Data analysis as a CRM core task
In customer relationship management (CRM) the need for customer knowledge has always been great. Therefore, exploratory methods, which also allow predictions about future customer behavior based on existing business data, play an increasingly important role.
Unclear software market
Such information determines which existing customers are served at what cost, which potential customers are addressed in which form and which content, and which former customers are to be recovered in which way. Answering these questions is of strategic importance and affects the success of the entire company.
Data Mining Suites on the test
However, comprehensive information is required for the implementation of the three basic strategies of customer acquisition, connection and recovery, most of which can be obtained from internally existing data on customer history.
Test scenario Customer reactivation
Since these are mostly large data sets, in which the relevant information often hides in extensive "data noise", automated analysis tools are particularly in demand in this area.
The current market provides a wide range of data mining tools: there are currently over 150 different tools available for data analysis.
Depending on the focus, functionality and operating concept, they can be divided into different types: the typology ranges from analysis tools for special purposes ("data mining tools") to functionally broader data mining suites to business intelligence (BI) tools, which also increasingly provide data mining capabilities.
The classic Data Mining Suites are characterized by a comprehensive functionality, so they cover almost every analytical problem. These include forecasting methods such as the prediction of customer churning probability as well as association procedures for shopping cart analysis or segmentation procedures for the calculation of customer segments.
In addition, they provide support throughout the analysis process, for example through a variety of data exploration functions, data preprocessing, comparison of different data mining models, and graphical representation and export of results
Data Mining tools, on the other hand, are mostly specialized in specific business functions (such as controlling), application areas (for example, real-time analysis / real-time data mining), analysis cases (such as forecasting tasks) or a combination thereof. The software implementation of Self Acting Data Mining takes a special place in this category: this highly automated approach is largely without manual data preprocessing and parameterization.

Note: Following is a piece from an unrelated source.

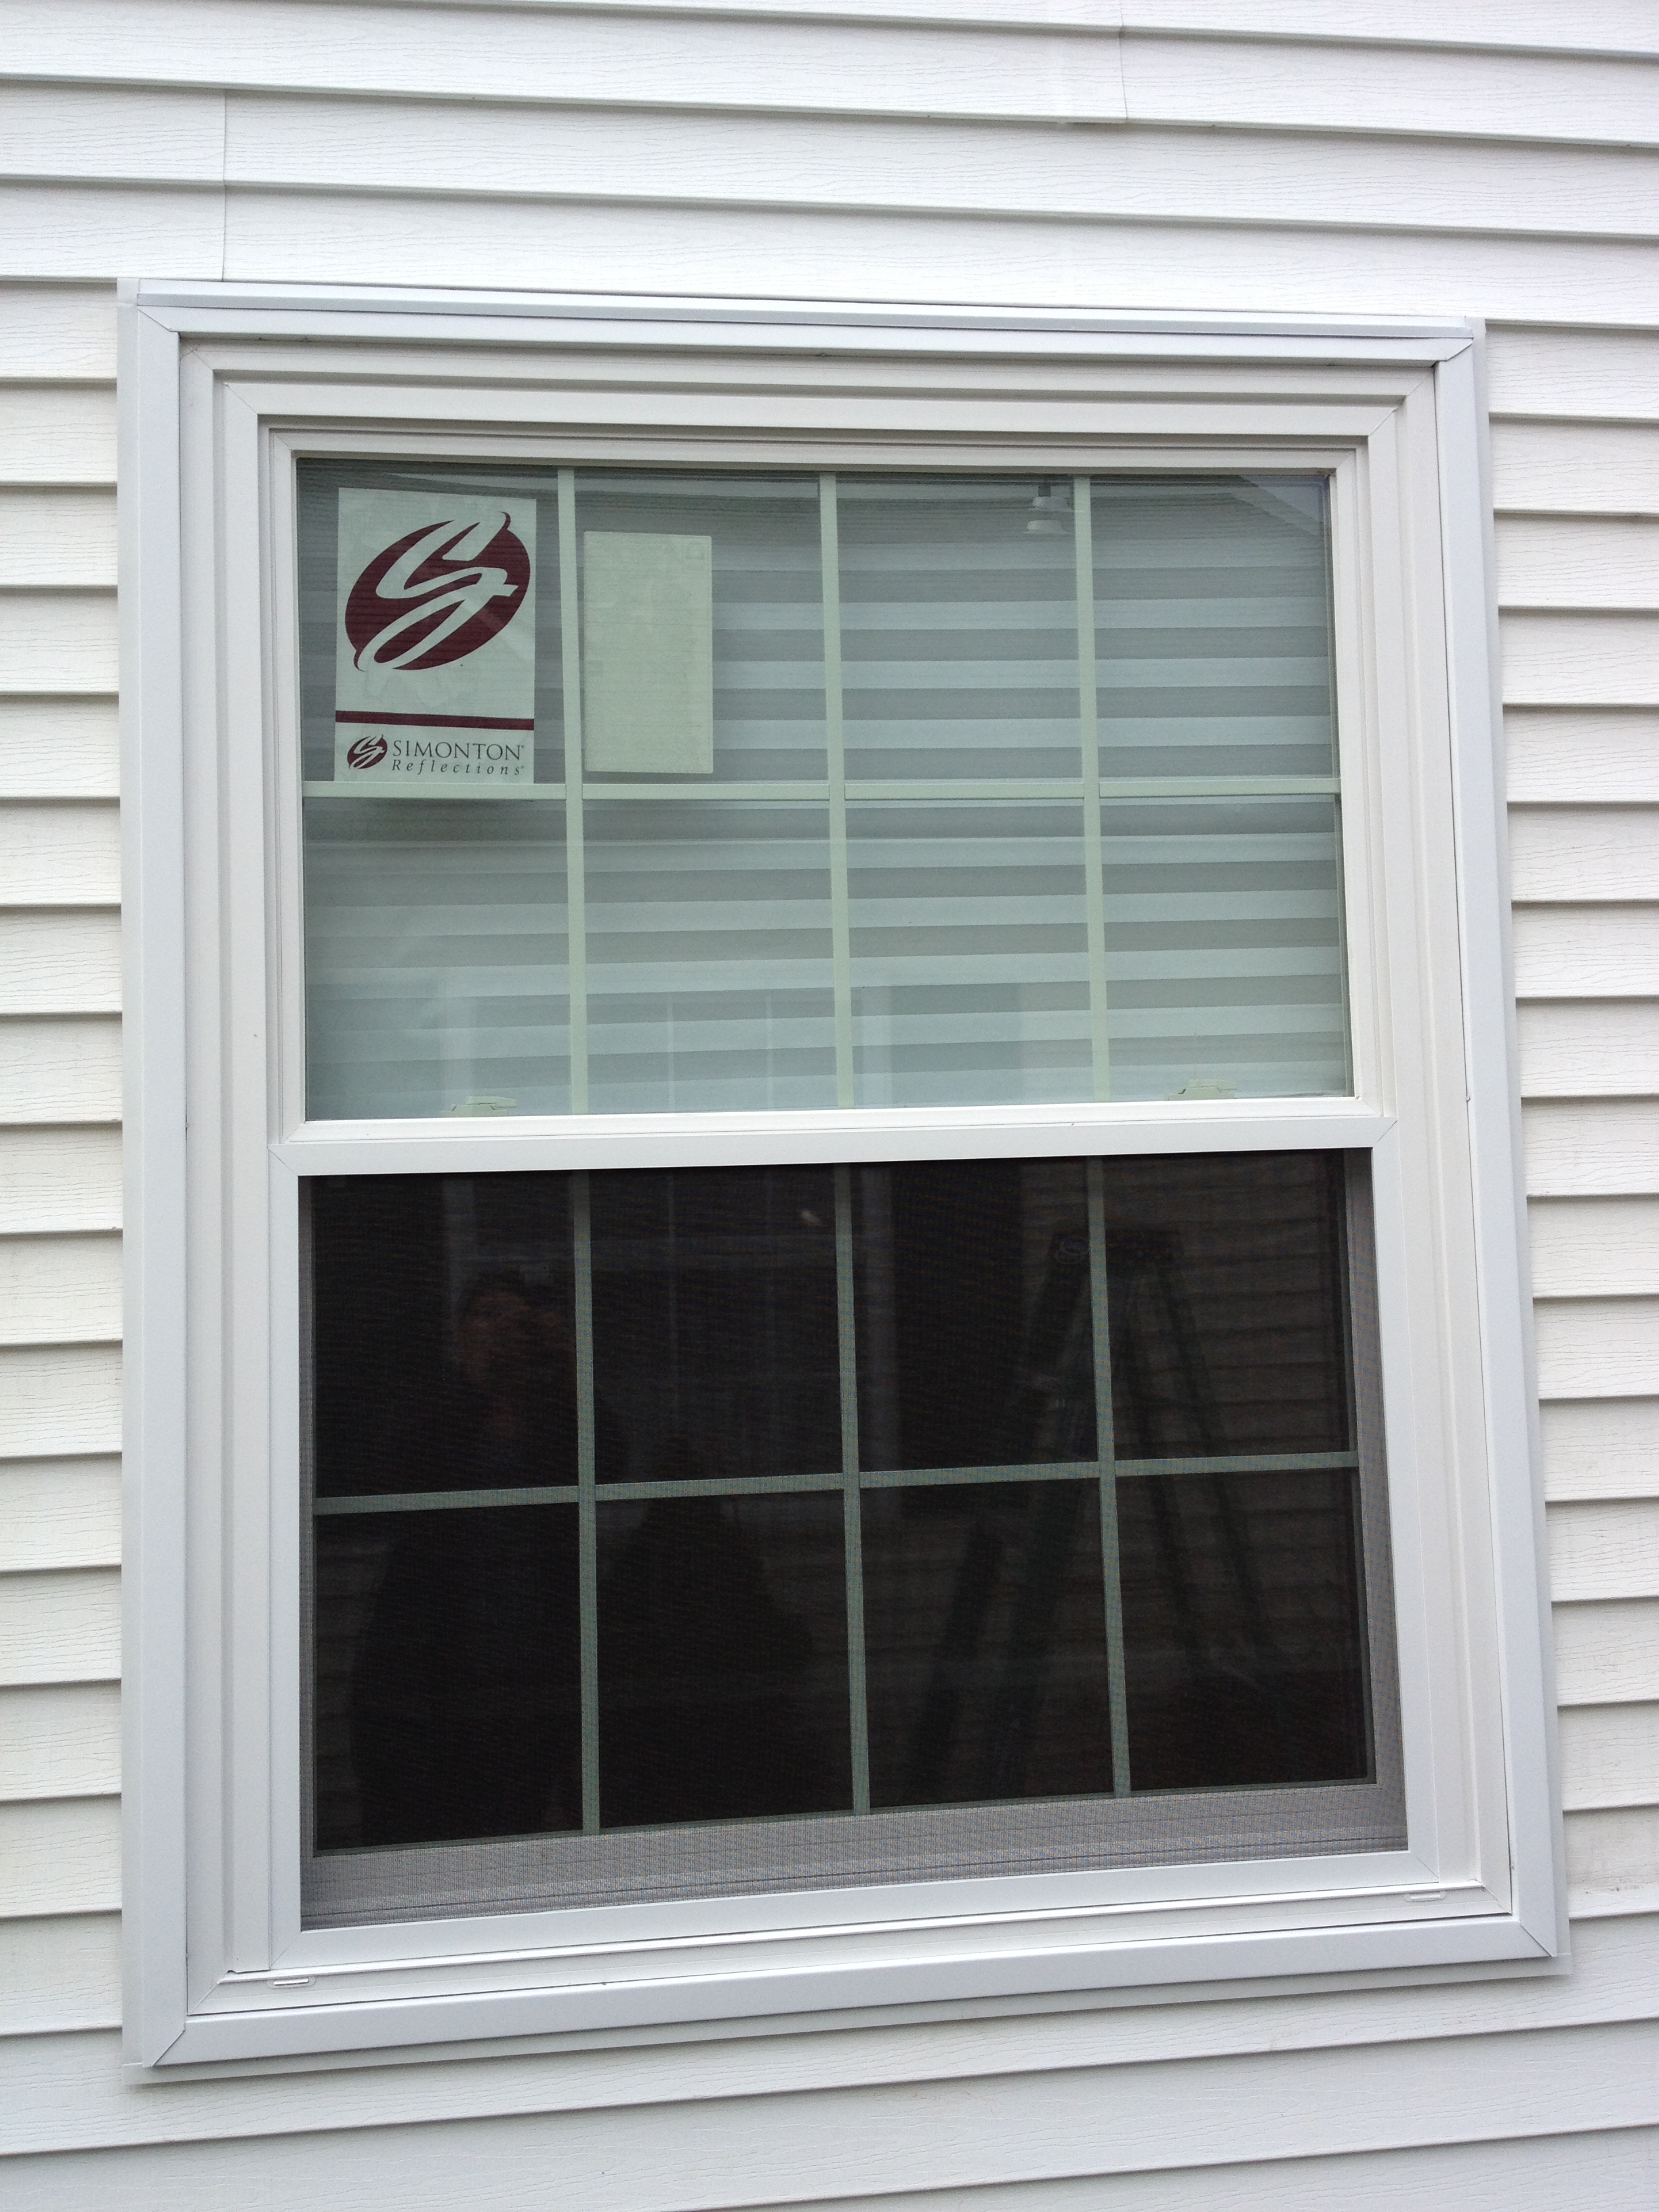 simonton window

The test field is composed of the following tools:
In the presented data mining study, the three market-leading suites of SAS, StatSoft and IBM SPSS are directly interlinked. Since the data to be analyzed are often kept in existing BI systems, it is also a good idea to carry out the actual data mining analyzes in this environment - in many cases, an attractive start, since no separate tool has to be procured and set up.
The best security-freeware
Wide range of functions and innovative operating concepts
To assess how a classical BI tool is compared to the established data mining suites, SAP BW Data Mining Workbench was included in the test field.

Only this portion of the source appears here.